The raw position signal exhibits high precision; therefore, the only preprocessing step applied is a reference system transformation to align the data with the workspace platform coordinates. This ensures consistency across all recorded trajectories and facilitates further analysis within a unified spatial framework.

Conversely, force signals are inherently more susceptible to noise due to the relatively low magnitudes of the forces and torques exerted during trajectory execution. To mitigate this issue, a moving average filter is applied to smooth the force measurements and reduce high-frequency fluctuations. This filtering process enhances the reliability of the recorded force data while preserving the essential characteristics of the user’s interaction forces.

2.2.2. Normalization

Since the trajectory dataset is multidimensional, each trajectory point contains several magnitudes, such as position, velocity, and interaction forces. To ensure consistent scaling across variables and avoid distortions due to differing units or ranges, a normalization and scaling procedure is applied independently to each magnitude.

The raw data is organized as a set of matrices, one for each type of signal (e.g., position, velocity, force), with each matrix containing time-series data from all demonstrations. For each of these matrices, a min-max normalization is applied, scaling all values to the

[0, 1]

range based on the global minimum and maximum of the respective signal. This preserves the internal variability of each signal while eliminating offsets and unit inconsistencies.

After normalization, each signal is further scaled by a predefined weight coefficient that allows for adjusting the relative contribution of each variable in later processing steps. For example, if forces are considered more relevant for the learning task, they may be given a higher weight compared to position or velocity. This weighted normalization results in a balanced, dimensionally consistent dataset suitable for subsequent stages, such as trajectory simplification and learning-based modeling.

Figure 3a shows the normalized trajectories performed by different users, highlighting how the procedure unifies the scale across magnitudes while retaining the essential shape and variability of the original data.

2.3. Key-Point Simplification

A method is required to represent key trajectory points in a multi-dimensional space while preserving their temporal association. The modified Douglas–Peucker reduction algorithm, as presented in [19], is implemented to simplify trajectories while preserving key motion characteristics. The algorithm begins with a set of sampled points organized in a matrix R, where each row contains the position, velocity, force, and other trajectory-related parameters. The process starts by evaluating the Euclidean distance

d (n)

between the first and last points of the trajectory:

d (n) = \sqrt{{(F_{n} - F_{1})}^{2} + . . . + {(Y_{n} - Y_{1})}^{2} + {(X_{n} - X_{1})}^{2}}

(1)

where F corresponds to the applied force, Y and X represent the position coordinates along their respective axes, and so on; the notations n and 1 denote the indices of the last and first points in the trajectory, respectively. If this distance is below a computational threshold, the trajectory is considered sufficiently simplified, and only the endpoints are retained. Otherwise, the maximum orthogonal distance

d p (k)

from any intermediate point to the line connecting the first and last points is computed. The orthogonal distance is determined using the following equation:

d p (k) = \frac{∥ (P - A) \times (B - A) ∥}{∥ B - A ∥}

(2)

where:

× represents the cross product in 2D/3D or its generalization to higher dimensions using an orthogonal projection.
$∥ \cdot ∥$ denotes the Euclidean norm.
A and B represent the first and last points of the evaluated segment, respectively.
P is the point whose orthogonal distance to the line segment $\bar{A B}$ is being calculated.

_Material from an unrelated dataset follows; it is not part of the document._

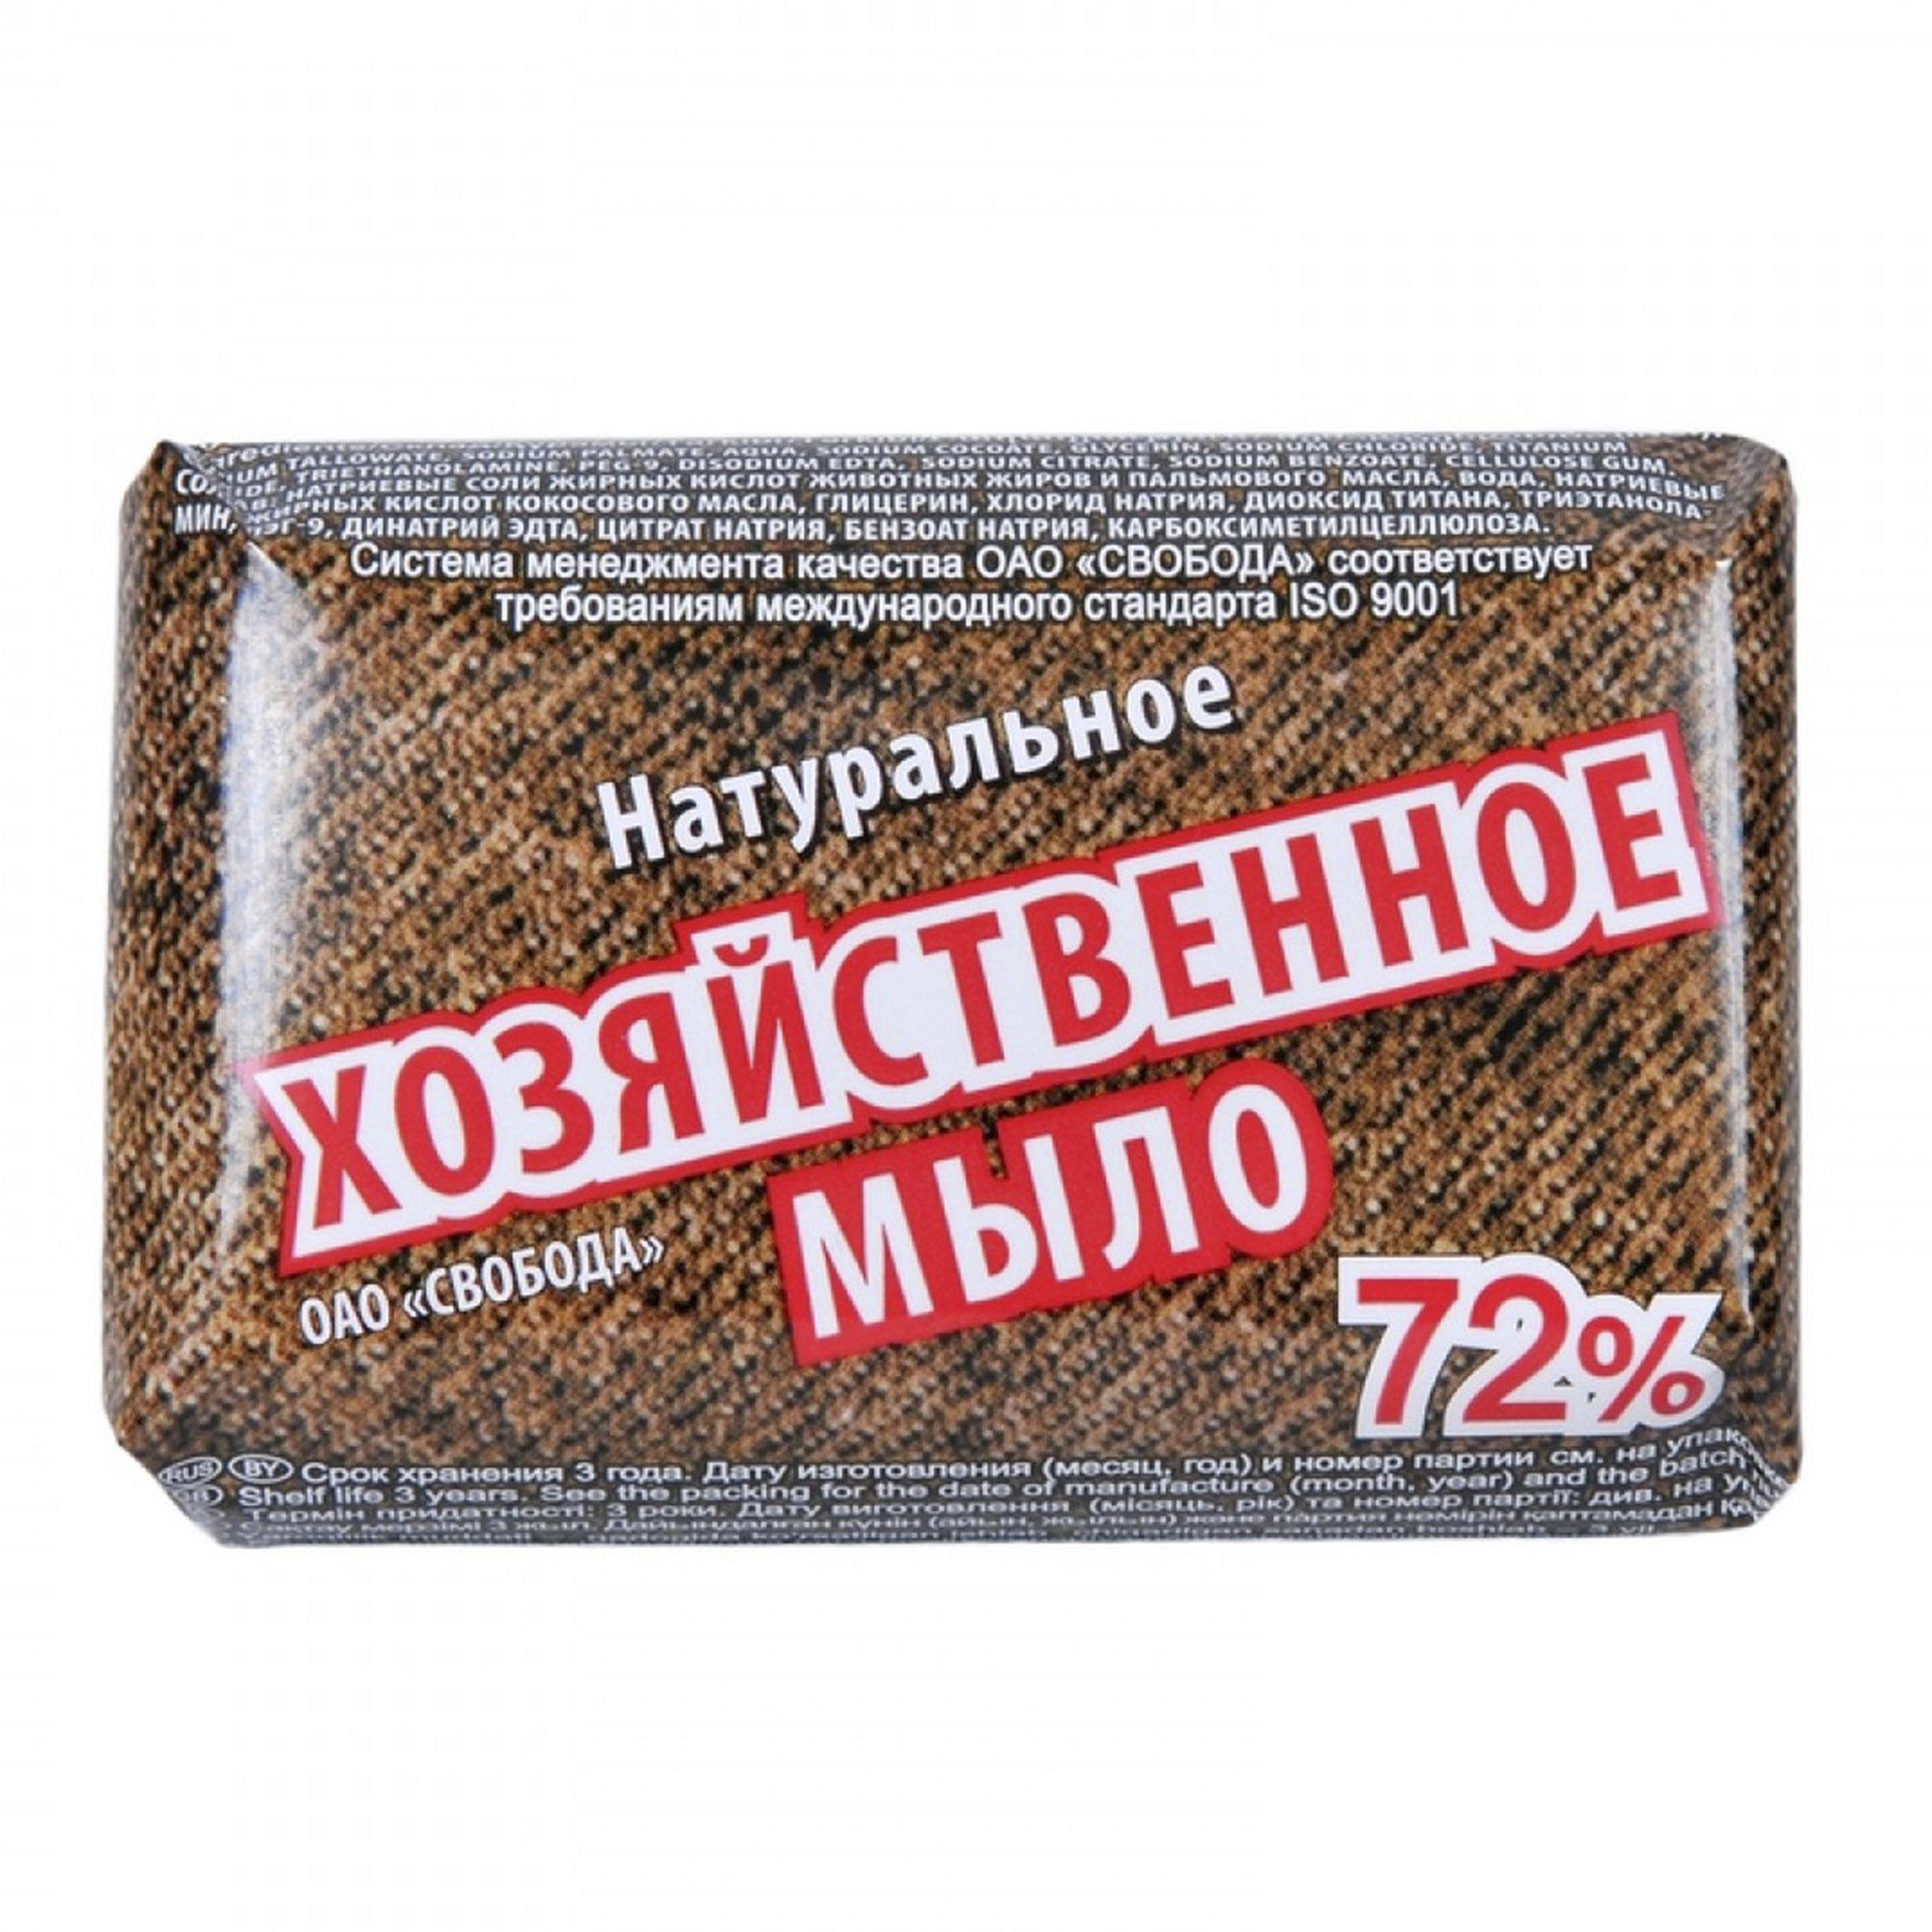 Мыло Хозяйственное 72% высококачественное 150 г

If the maximum orthogonal distance exceeds a predefined tolerance

ε

, the trajectory is recursively divided into two segments, and the same process is applied iteratively to each sub-segment. Otherwise, the trajectory is reduced to the key points that best approximate the original path while minimizing data redundancy. For further details on the implementation of this algorithm, refer to the study published by Manrique et al. [19]

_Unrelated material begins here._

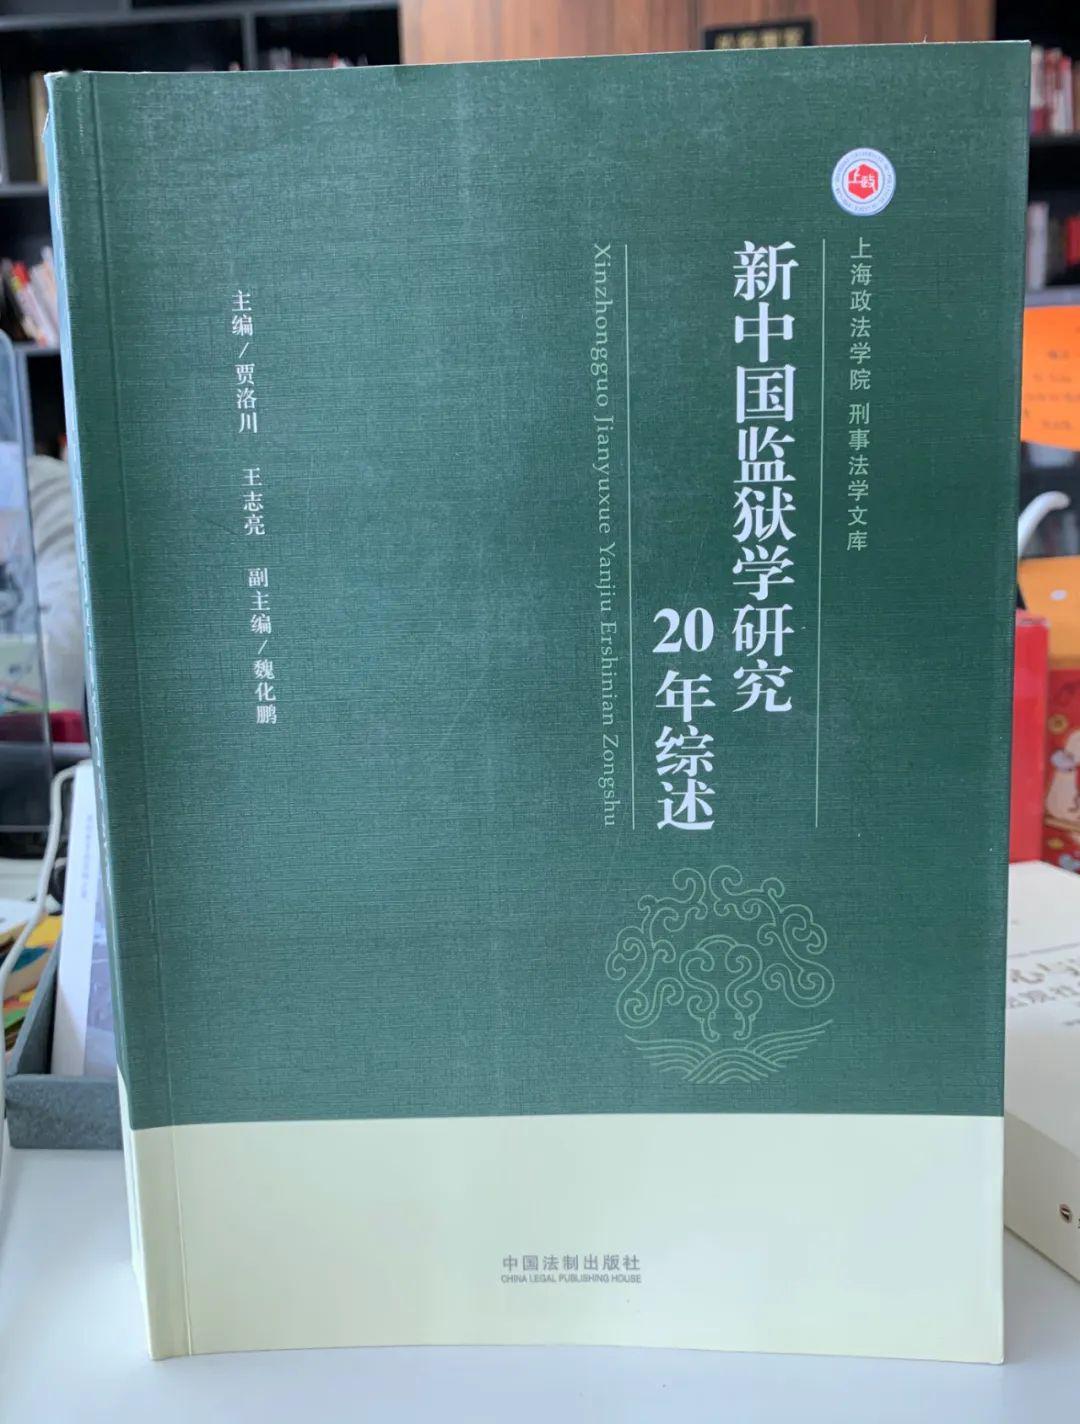 《新中国监狱学研究20年综述》

The performance of the proposed approach is evaluated by applying the N-dimensional simplification algorithm to a representative trajectory performed by a single participant. The original trajectory consists of 53 points. As a preprocessing step, each dimension (position, velocity, force, and torque) is independently normalized, resulting in dimensionless data that preserve the relative variation across magnitudes. The simplification algorithm is then applied using different combinations of input dimensions, while maintaining a constant tolerance

ε

.

Figure 3b shows the resulting simplified trajectories, where the number of retained points reflects the influence of the selected dimensions:

Top-left (15 points): Simplification using only the 3D position components (X, Y, Z). This yields a sparse representation focused on preserving geometric shape, with fewer points required.
Top-right (41 points): Simplification using position and velocity (6 dimensions). The inclusion of velocity captures temporal dynamics, leading to a denser point distribution in regions with greater speed variation.
Bottom-left (24 points): Simplification using position, velocity, and force (9 dimensions). Although the force signal varies less than velocity, it influences key-point selection, especially in segments where contact with the obstacle occurs, preserving important interaction details.
Bottom-right (44 points): Simplification using all 12 dimensions (position, velocity, force, and torque). Torque data add additional complexity, resulting in the highest number of retained points and a finer representation of the trajectory’s dynamic characteristics.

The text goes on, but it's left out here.